== What the task asks ==
Repeat exactly what runs from the line containing "专肽生物产品组蛋白肽段[Lys(Me3)4]-Histone H3(1-21), H3K4(Me3)" through the last line of the material below. Do not copy the pictures.

== Supplied information ==
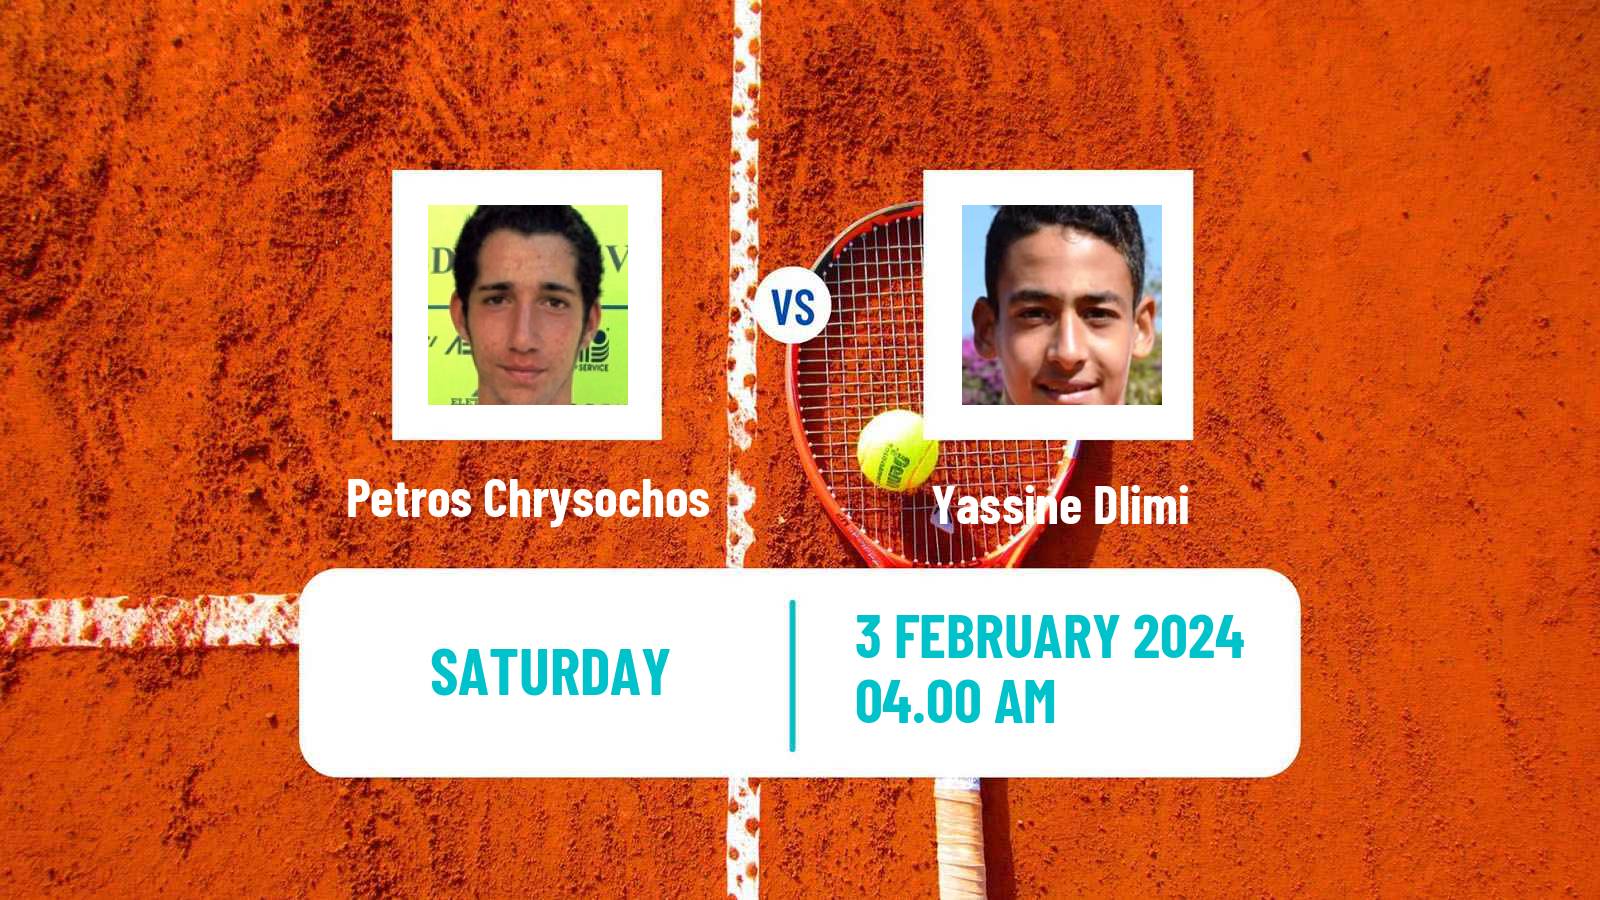 Tennis Davis Cup World Group II Petros Chrysochos - Yassine Dlimi
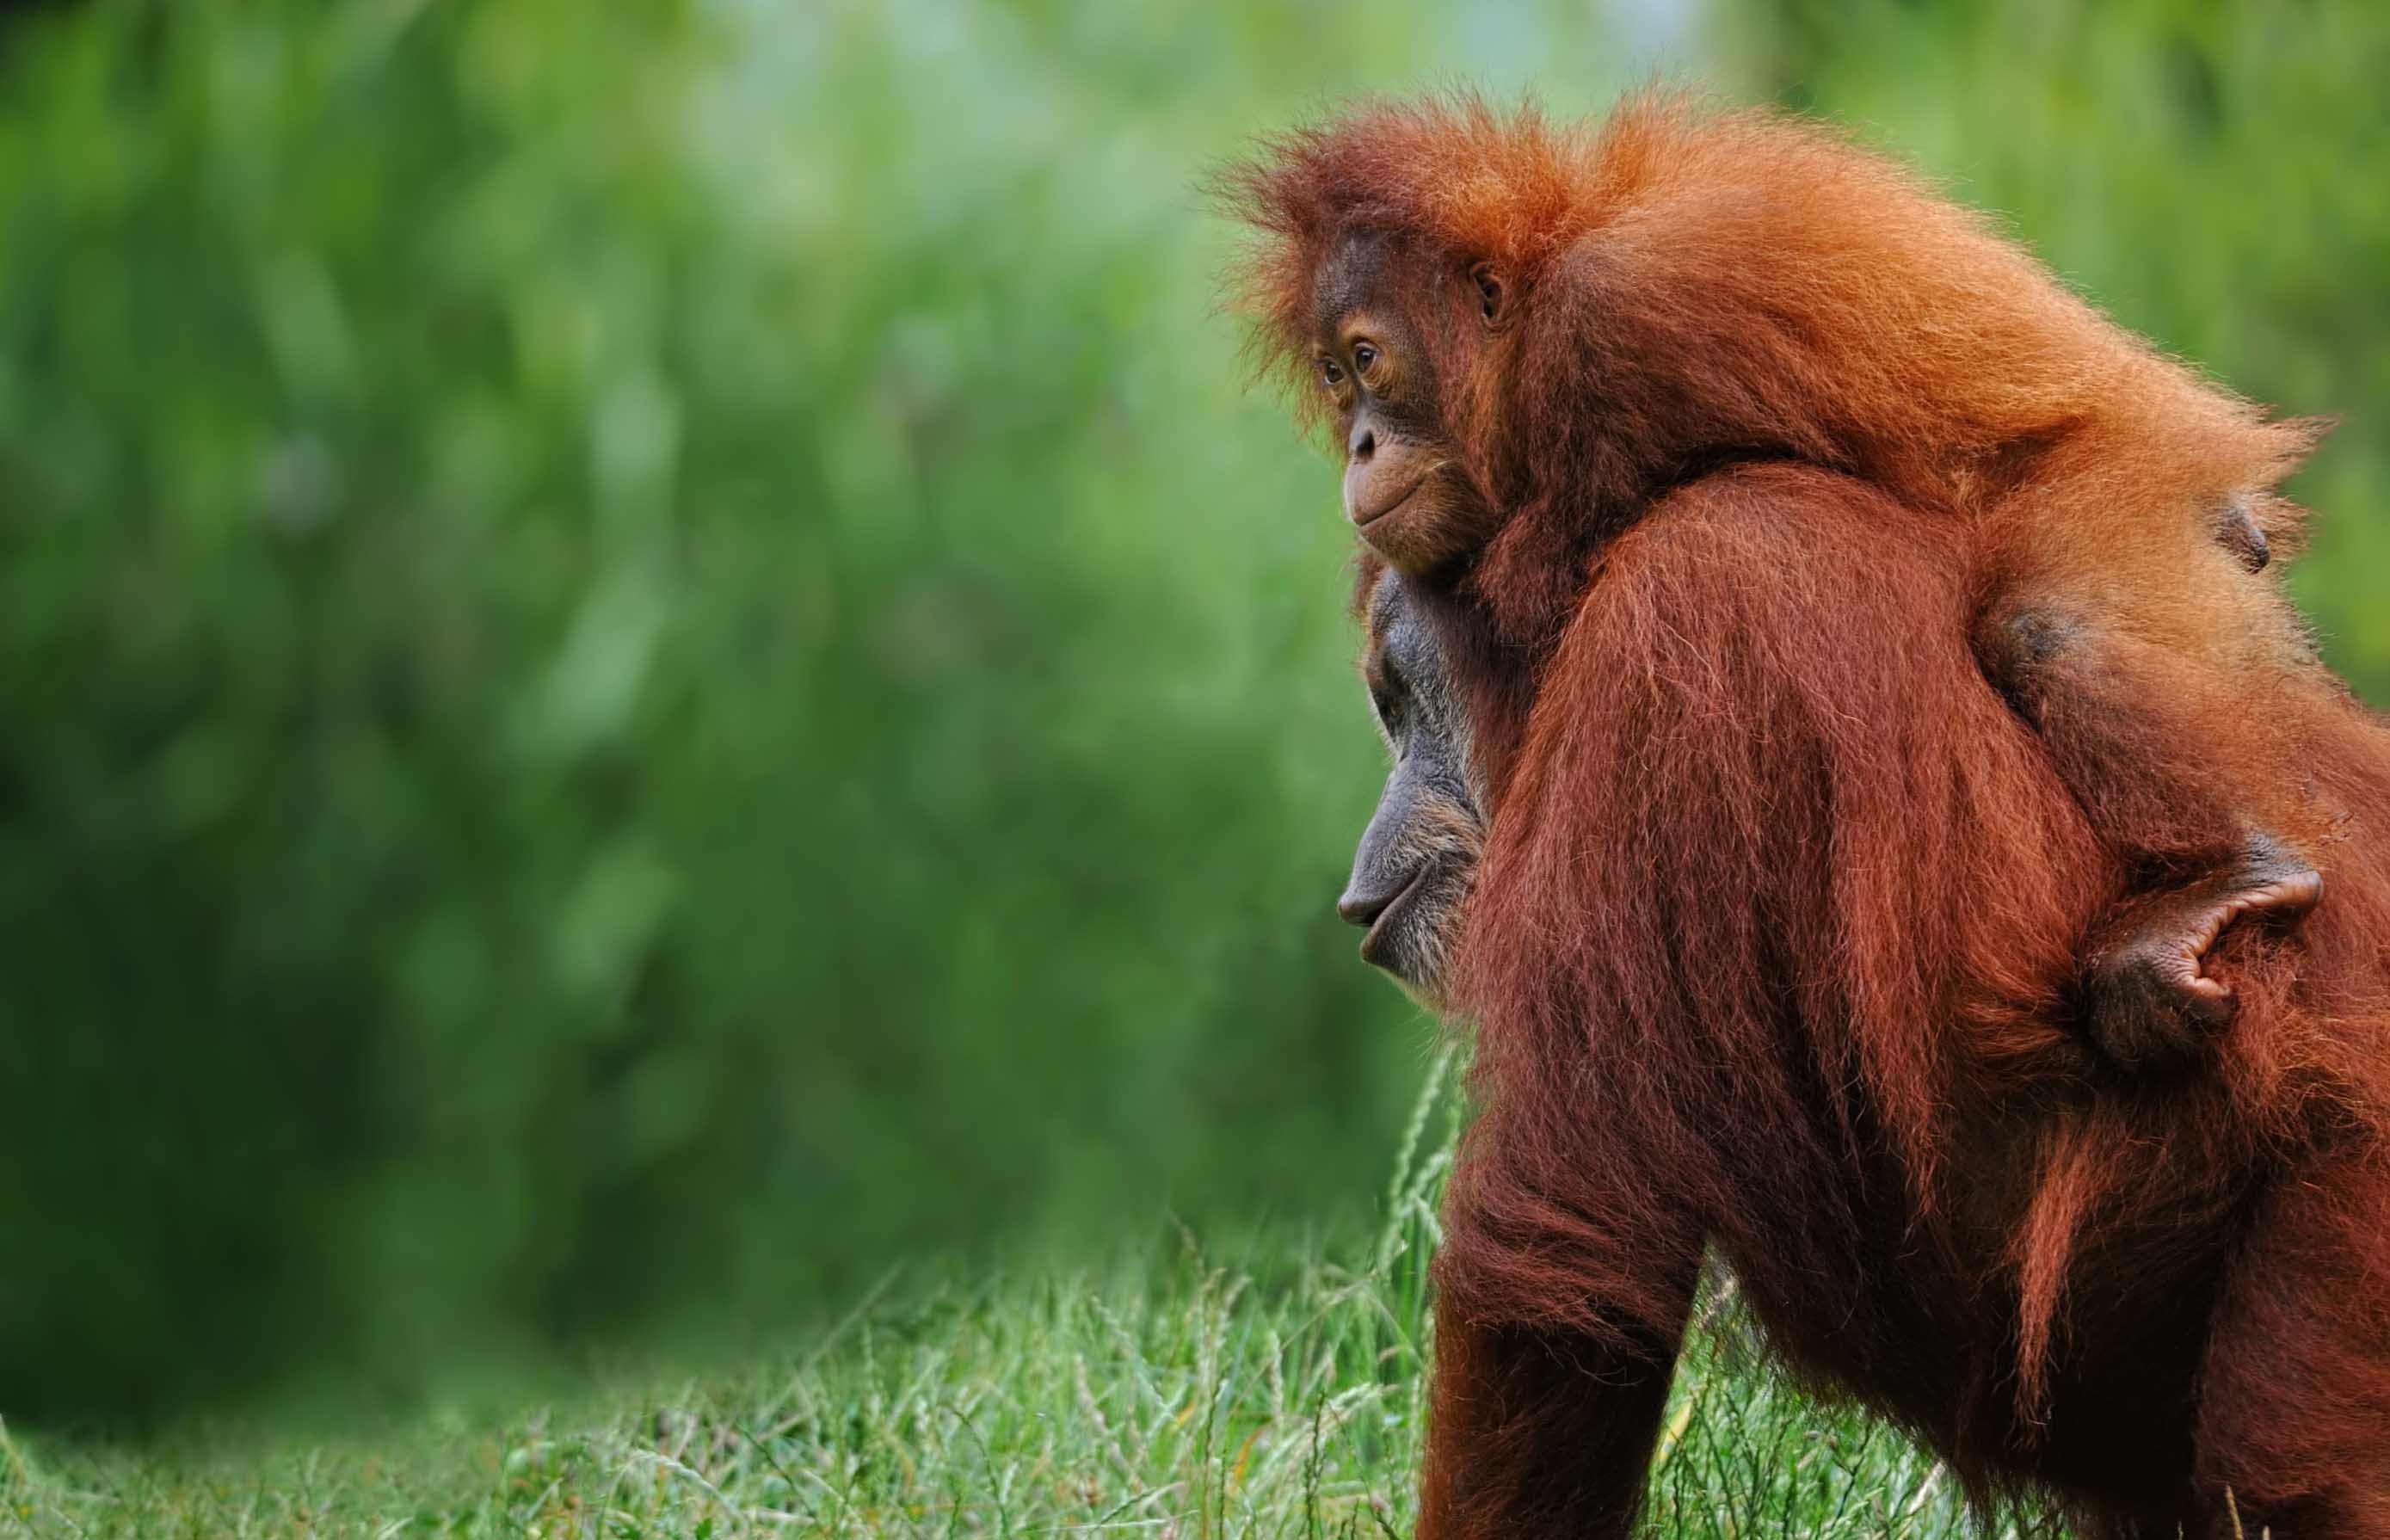 Adopt an orangutan in Borneo
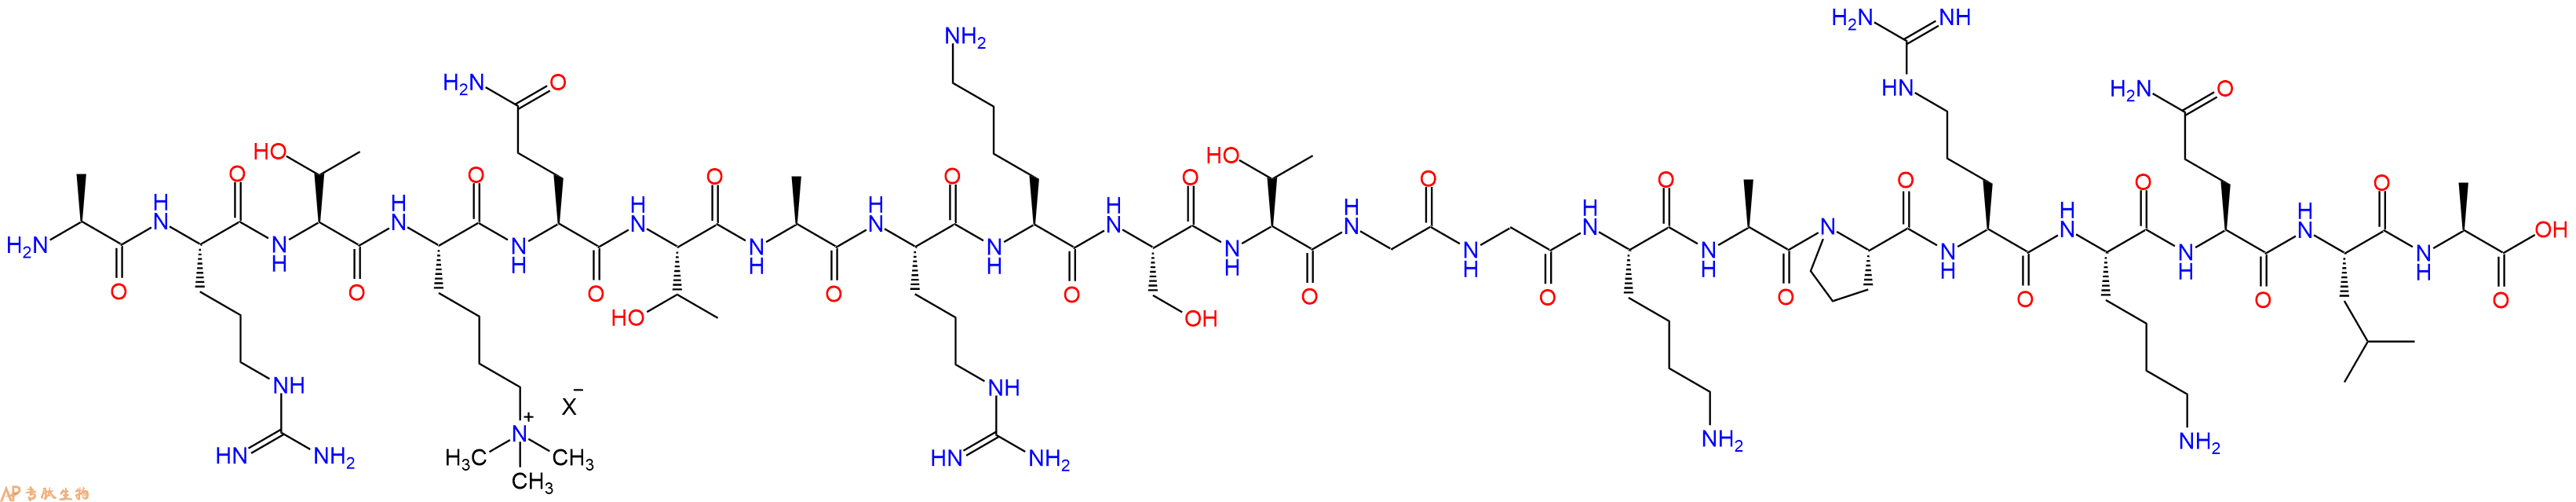 专肽生物产品组蛋白肽段[Lys(Me3)4]-Histone H3(1-21), H3K4(Me3)
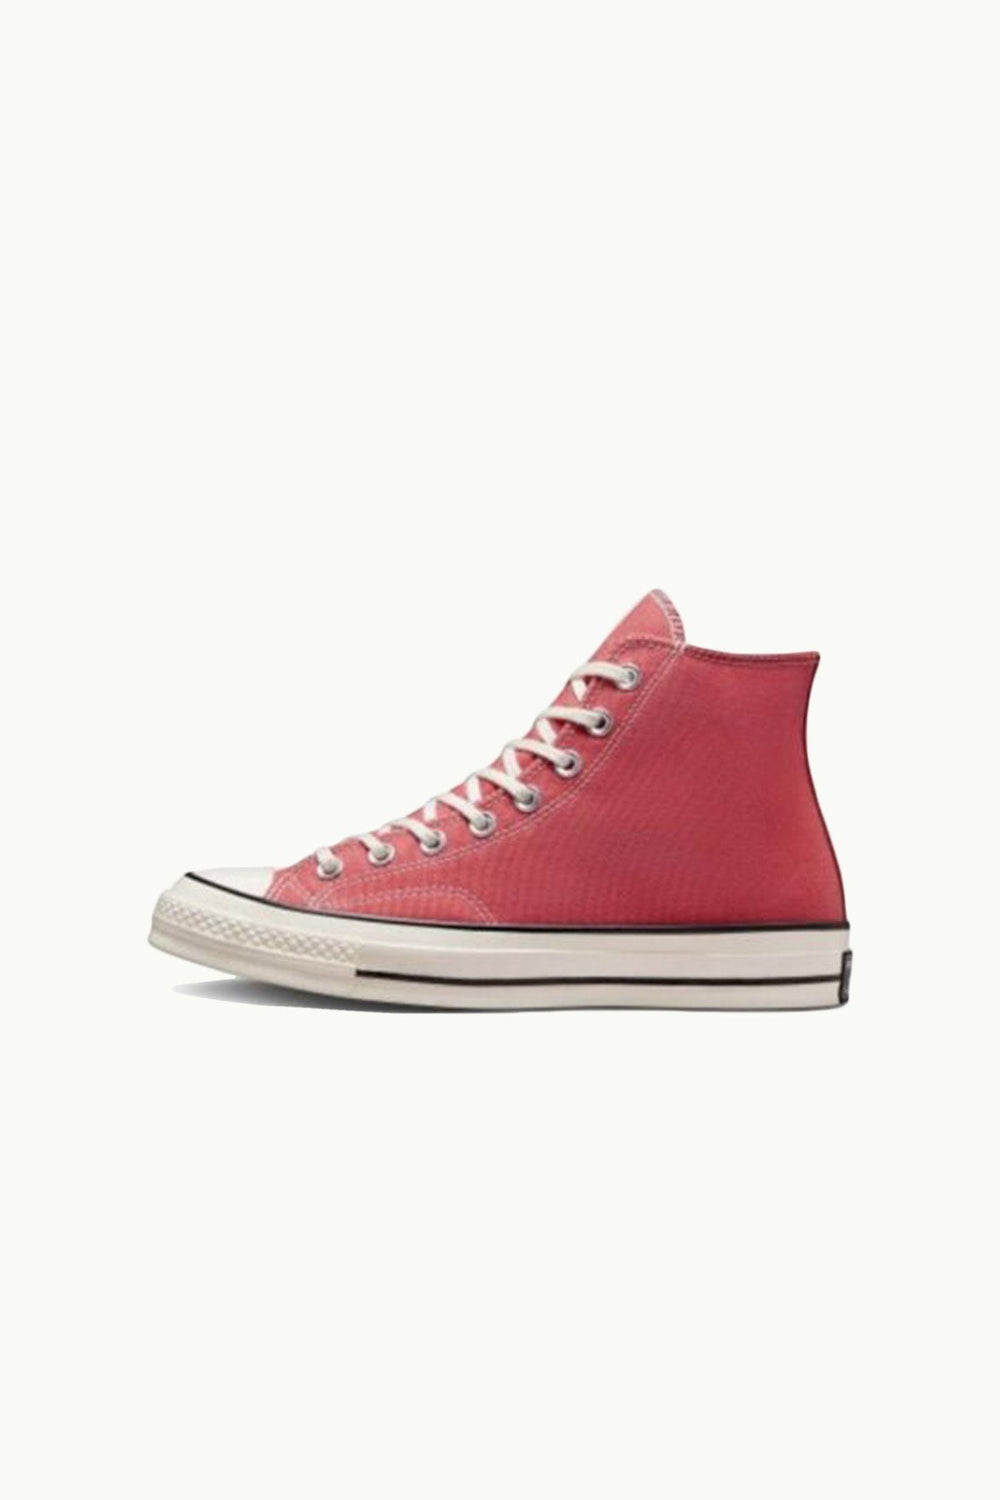 נעלי Chuck 70 בצבע ורוד קורל - Converse

== Answer section ==
 专肽生物产品组蛋白肽段[Lys(Me3)4]-Histone H3(1-21), H3K4(Me3)
 נעלי Chuck 70 בצבע ורוד קורל - Converse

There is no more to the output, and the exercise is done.